Reproduce the whole listing exactly, omitting any picture it holds.

Recorded information —
* * *

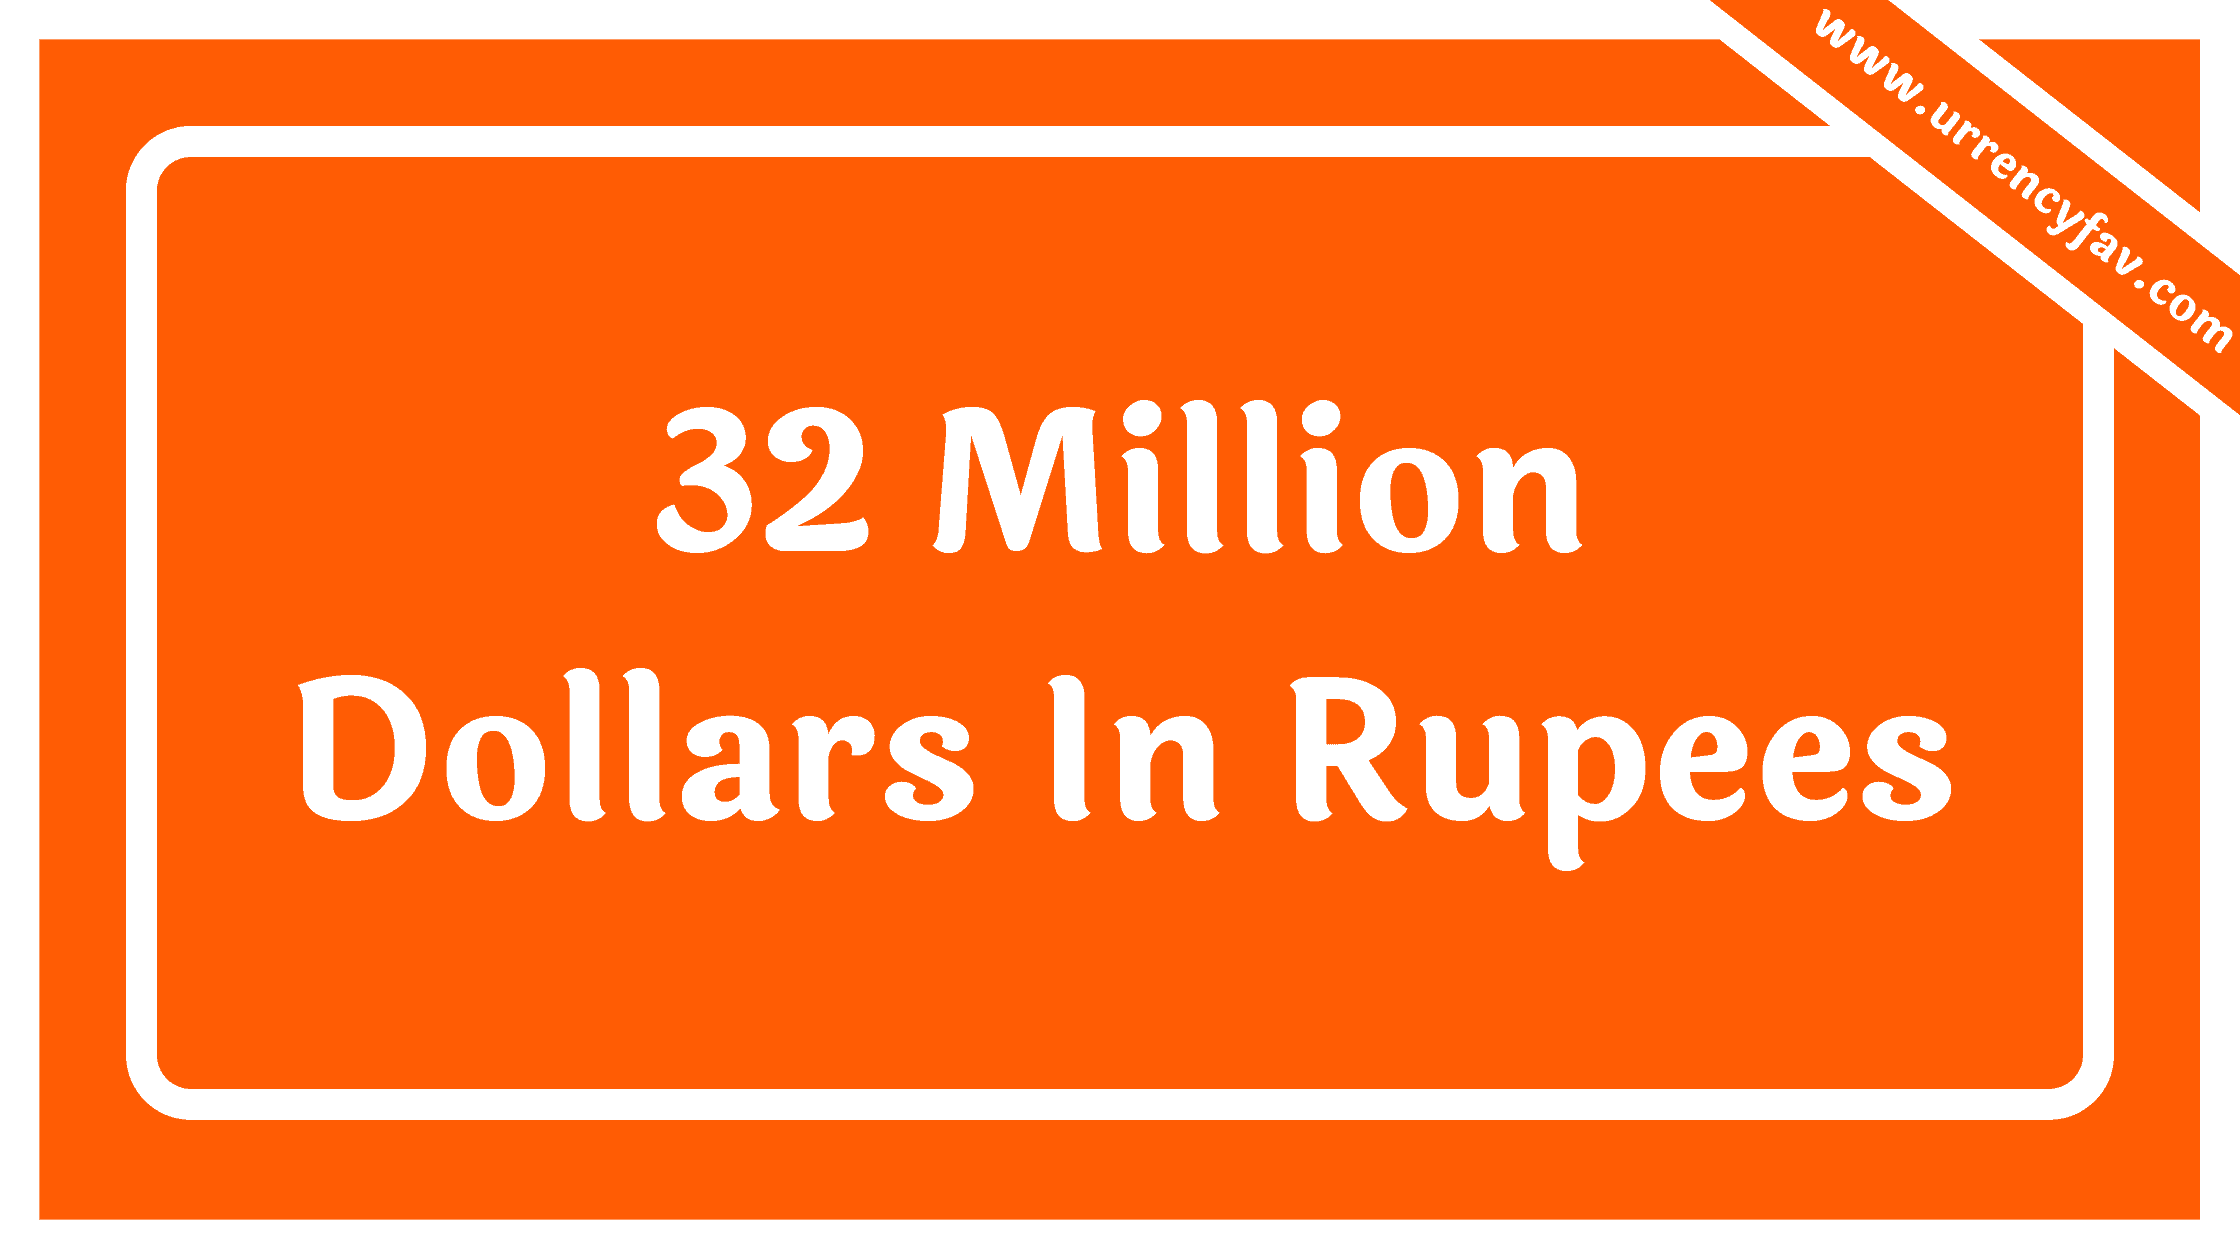 32 Million Dollars In Rupees
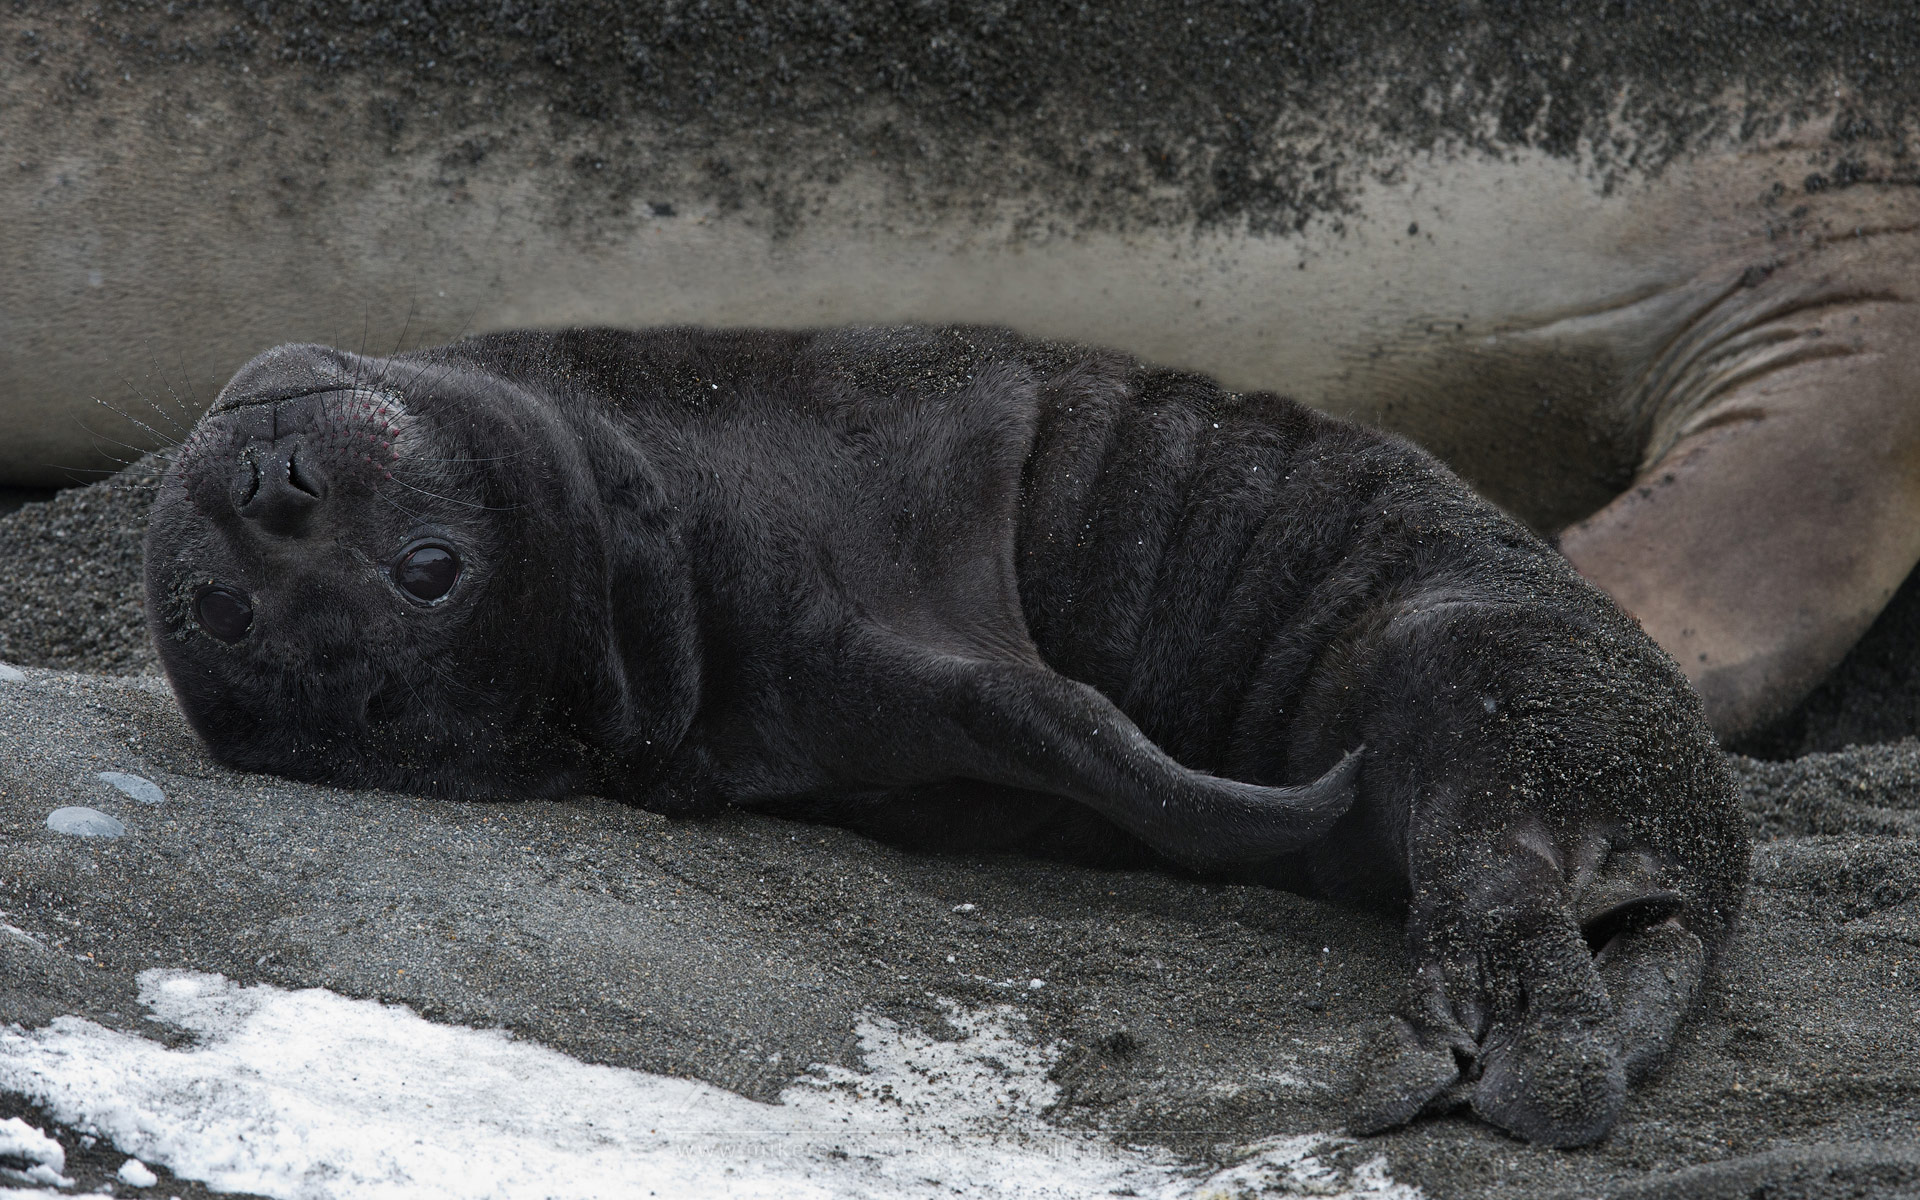 Newborn Southern Elephant Seal (Mirounga leonina) pup. South Georgia, Sub-Antarctic - Southern-Elephant-Seals-Fur-Seals-South-Georgia-Sub-Antarctic - Mike Reyfman Photography
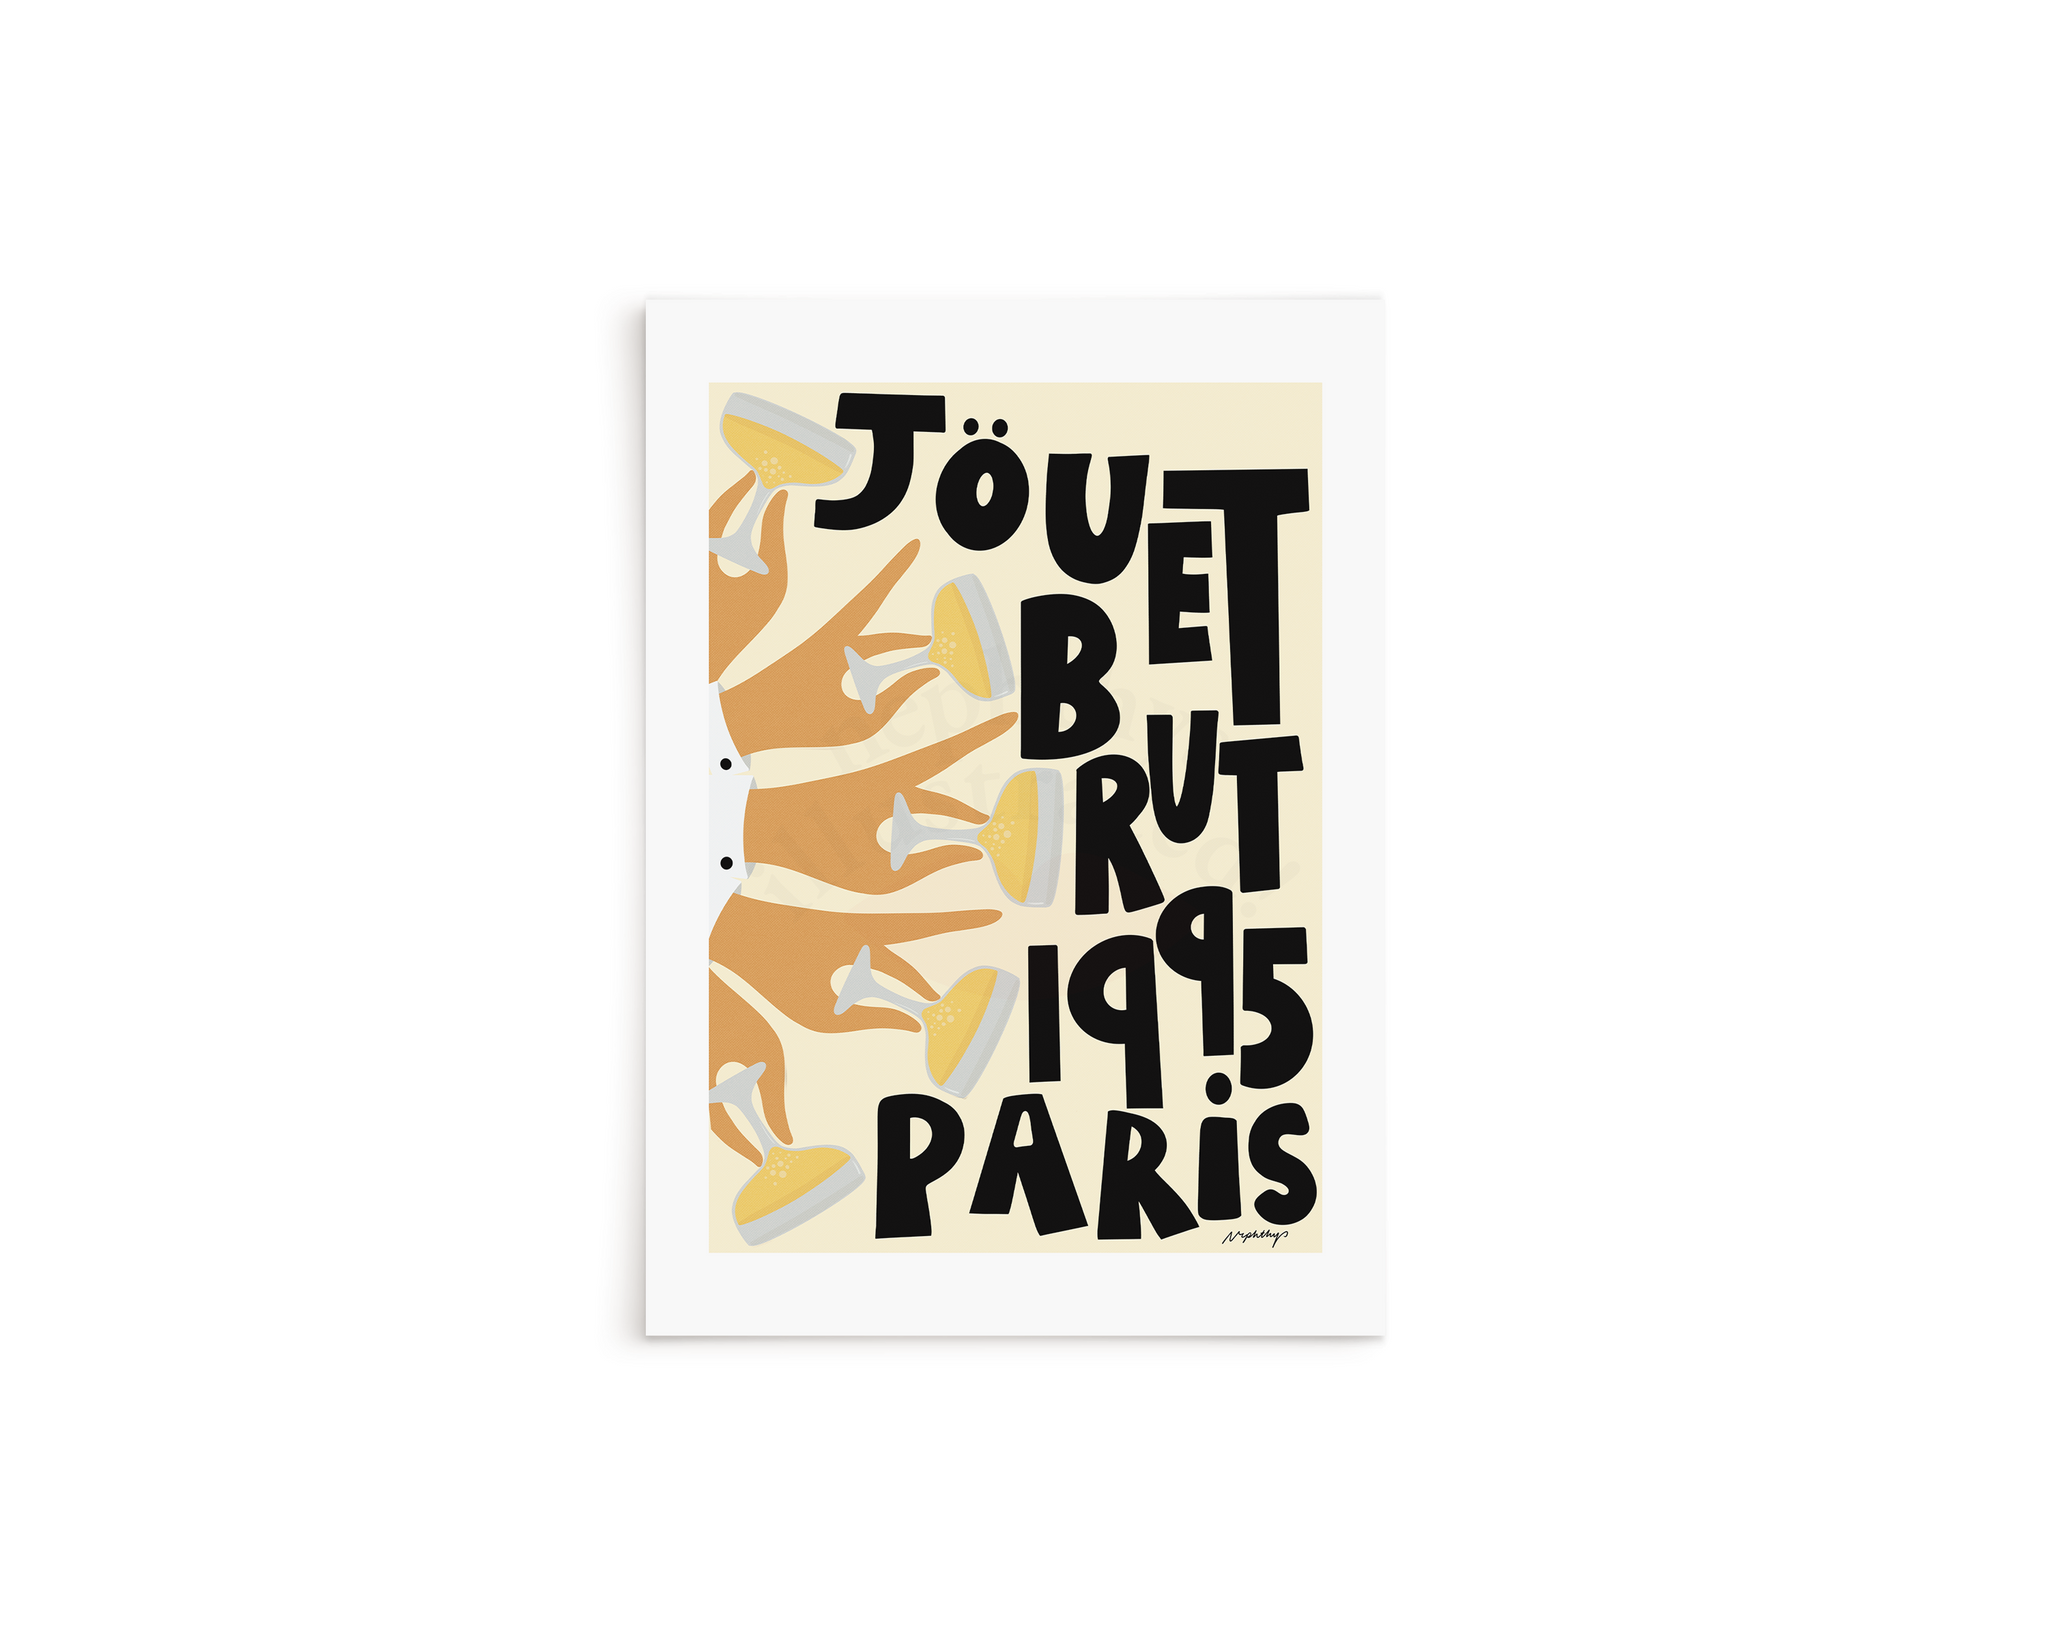 Jouet Brut 1995 Paris

* * *

Result of the exercise —
 32 Million Dollars In Rupees
 Newborn Southern Elephant Seal (Mirounga leonina) pup. South Georgia, Sub-Antarctic - Southern-Elephant-Seals-Fur-Seals-South-Georgia-Sub-Antarctic - Mike Reyfman Photography
 Jouet Brut 1995 Paris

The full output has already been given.